Bioterrorism is the intentional use of micro-organisms to bring about ill effects or death to humans, livestock, or crops. Biological warfare (BW) agents can cause large numbers of casualties with minimal logistical requirements. Perpetrators can escape long before BW agents cause casualties, due to the incubation periods of the agents. Weapons are easy and cheap to produce and can be used to selectively target humans, animals, or plants. Pathogens may be used against personnel, animals, or plants. Agents may kill or incapacitate victims. Incapacitating agents may be more effective in battle by both preventing a unit from carrying out its mission and overwhelming medical and evacuation assets. Agents with short incubation times would be most effective in a tactical setting, while those with longer incubation periods would appeal more to terrorists.
Biological attacks could be attempted by contaminating food and water supplies. While intact skin is an excellent barrier to most biological warfare agents, some agents, such as trichothecene mycotoxins, can penetrate the integument and cause systemic illness. Trichothecene mycotoxins ('Yellow Rain' : In 2005/4/21 Divaina newspaper reported yellow rain incident in Thalawakele) are the only potential BW toxins with cutaneous activity and manifestations. Mycotoxins are a diverse group of small molecular weight compounds produced by fungi. Spores of mycotoxin-producing fungi are possible anti-personnel biological weapons agents due to their stability, ease of manufacture, and ease of dissemination in aerosol form. For example, Fusarium, Stachybotrys, Memnoniella fungi strains produce more than 100 compounds classified as tricothecenes. T-2 toxin, a biological warfare agent, is probably the best known of the tricothecenes, and is believed to be the mycotoxin responsible for some forms of aleukia (the absence of white blood cells). T-2 toxin is believed to have killed thousands of Soviets who ate mold-infested cereal grains toward the end of World War II.

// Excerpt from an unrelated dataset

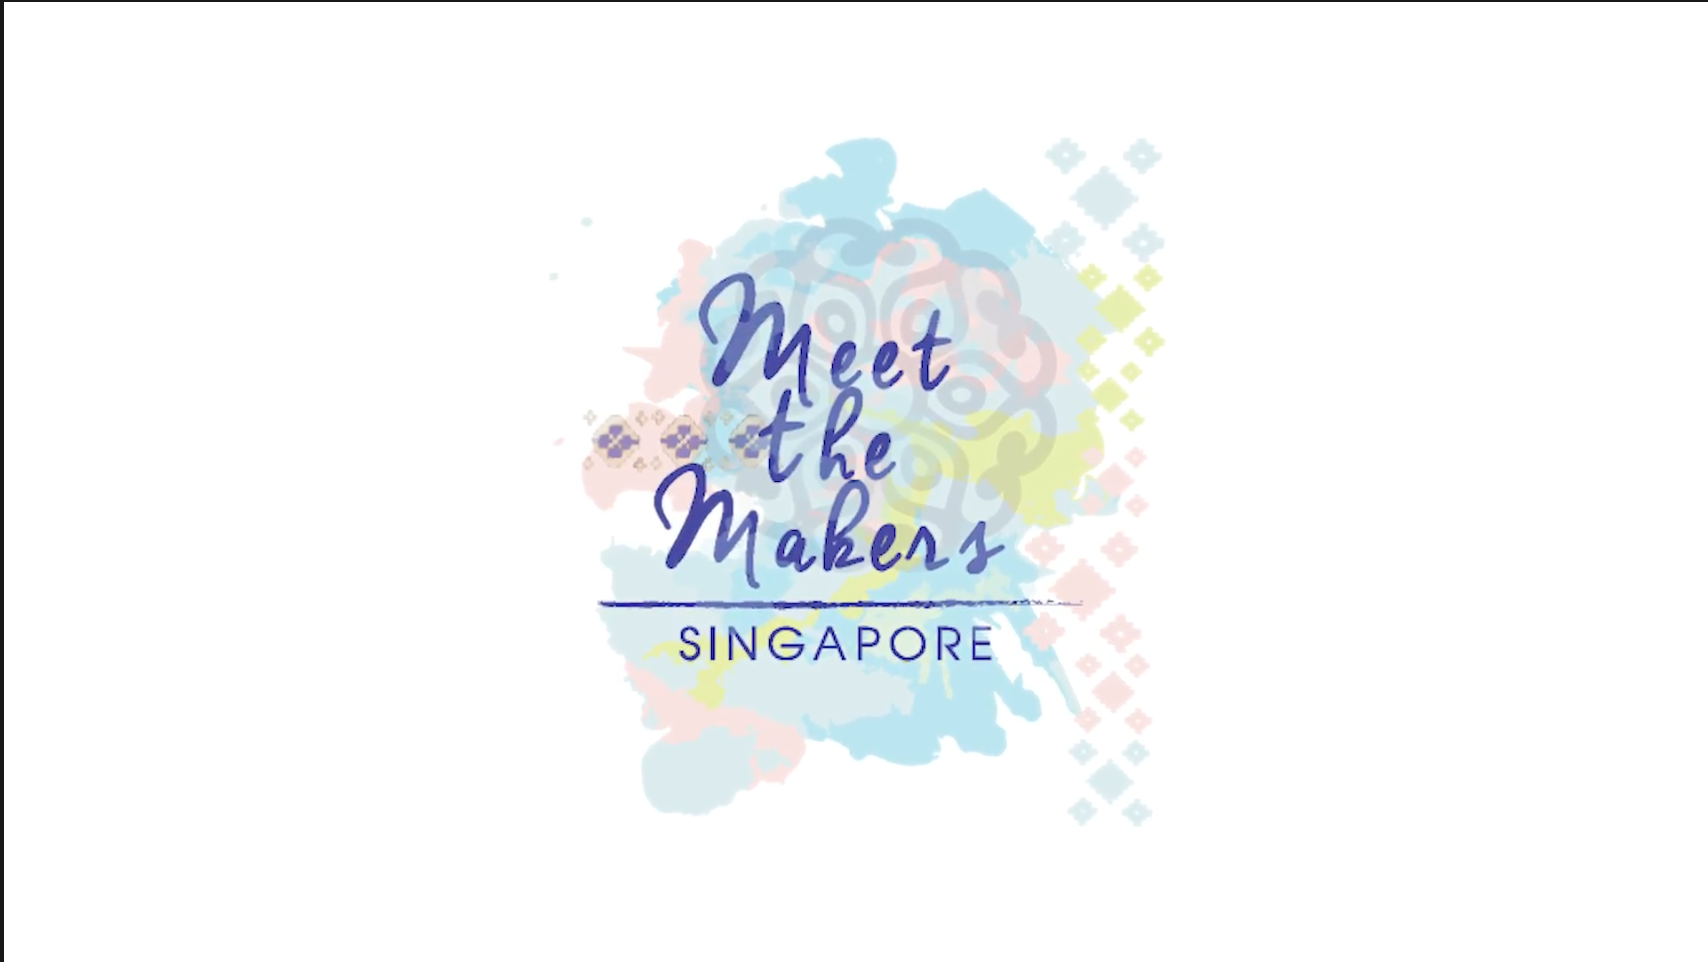 Cinta Bumi Artisans | Meet The Makers Singapore 2017

The fungi Penicillium produces several toxins, including ochratoxin A, which has been shown to cause miscarriage, birth defects and kidney damage in experimental animals. It has also been linked to a form of kidney disease found in people in the Balkan Valley region of Bulgaria and former Yugoslavia (another conflict region). The family of ochratoxins consists of three members, A, B, and C which differ slightly from each other in chemical structures. These differences, however, have marked effects on their respective toxic potentials. Ochratoxin A is the most abundant and hence the most commonly detected member but is also the most toxic of the three and is a potent toxin affecting mainly the kidney.

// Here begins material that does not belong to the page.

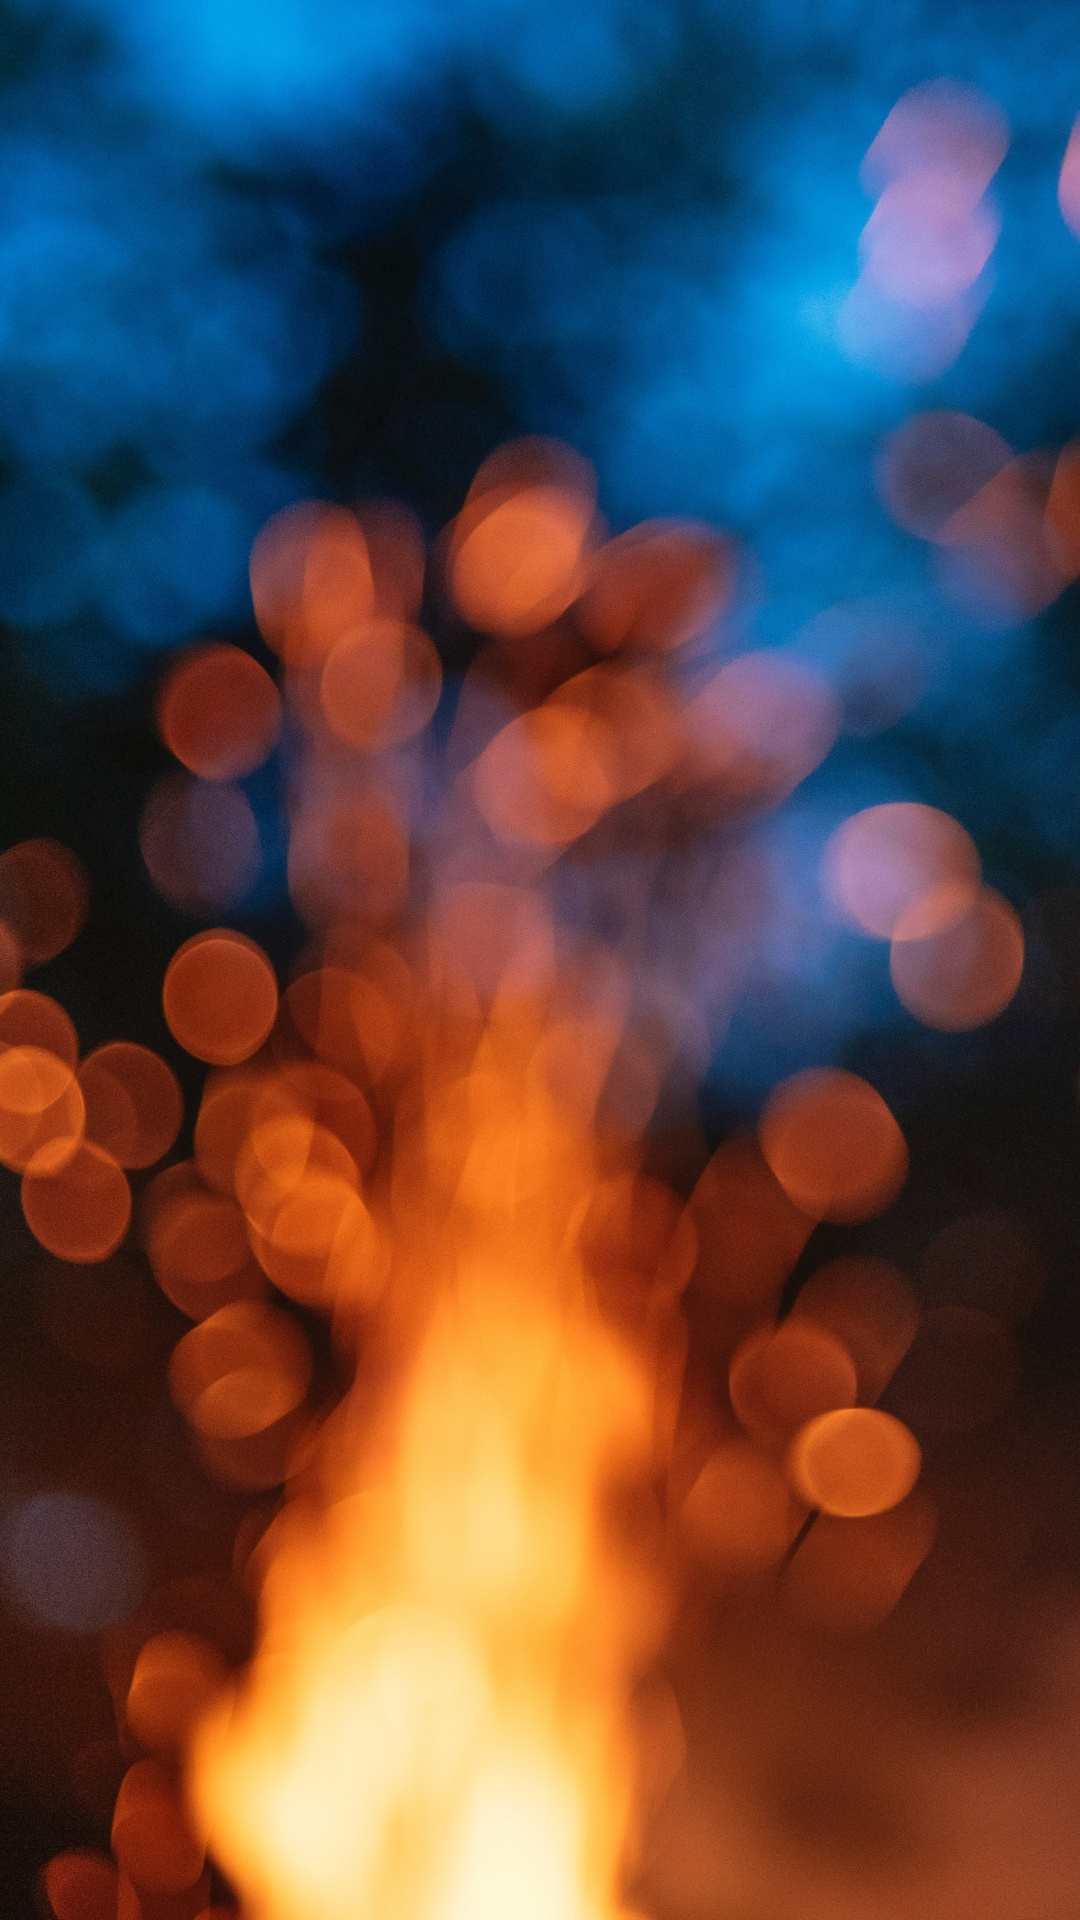 光, 热, 火焰, 天空, 篝火 壁纸 1080x1920 允许

Also, the use of depleted uranium (DU) in ammunition is known to cause dramatic side effects, such as kidney diseases, stillborn babies, toxic and poisonous land, water supplies, and residential territories. NATO's use of DU ammo in former Yugoslavia has resulted in extensive irreversible damage to kidney and partial kidney failure in many civilians.
According to certain intelligence agencies Israel is trying to identify genes carried only by Arabs that could be used to develop a biological weapon (ethnic weapons) that would harm Arabs but not Jews. Furthermore, the report says that the Israeli scientists are working to create a genetically modified bacterium or virus that only attacks people who carry certain genes.
Considering the developments and historical events related to biological/chemical and genetic warfare agents it is certainly a possibility that terrorists and their allies could use such weapons to systematically destroy the people residing in a certain area. It is the responsibility of the GOSL to investigate the past activities of INGOs and NGOs in the CKD affected areas and also conduct an unbiased research into finding the etiology (and creating a national CKD database) of the disease.
Akila Weerasekera
Department of chemistry
California State University.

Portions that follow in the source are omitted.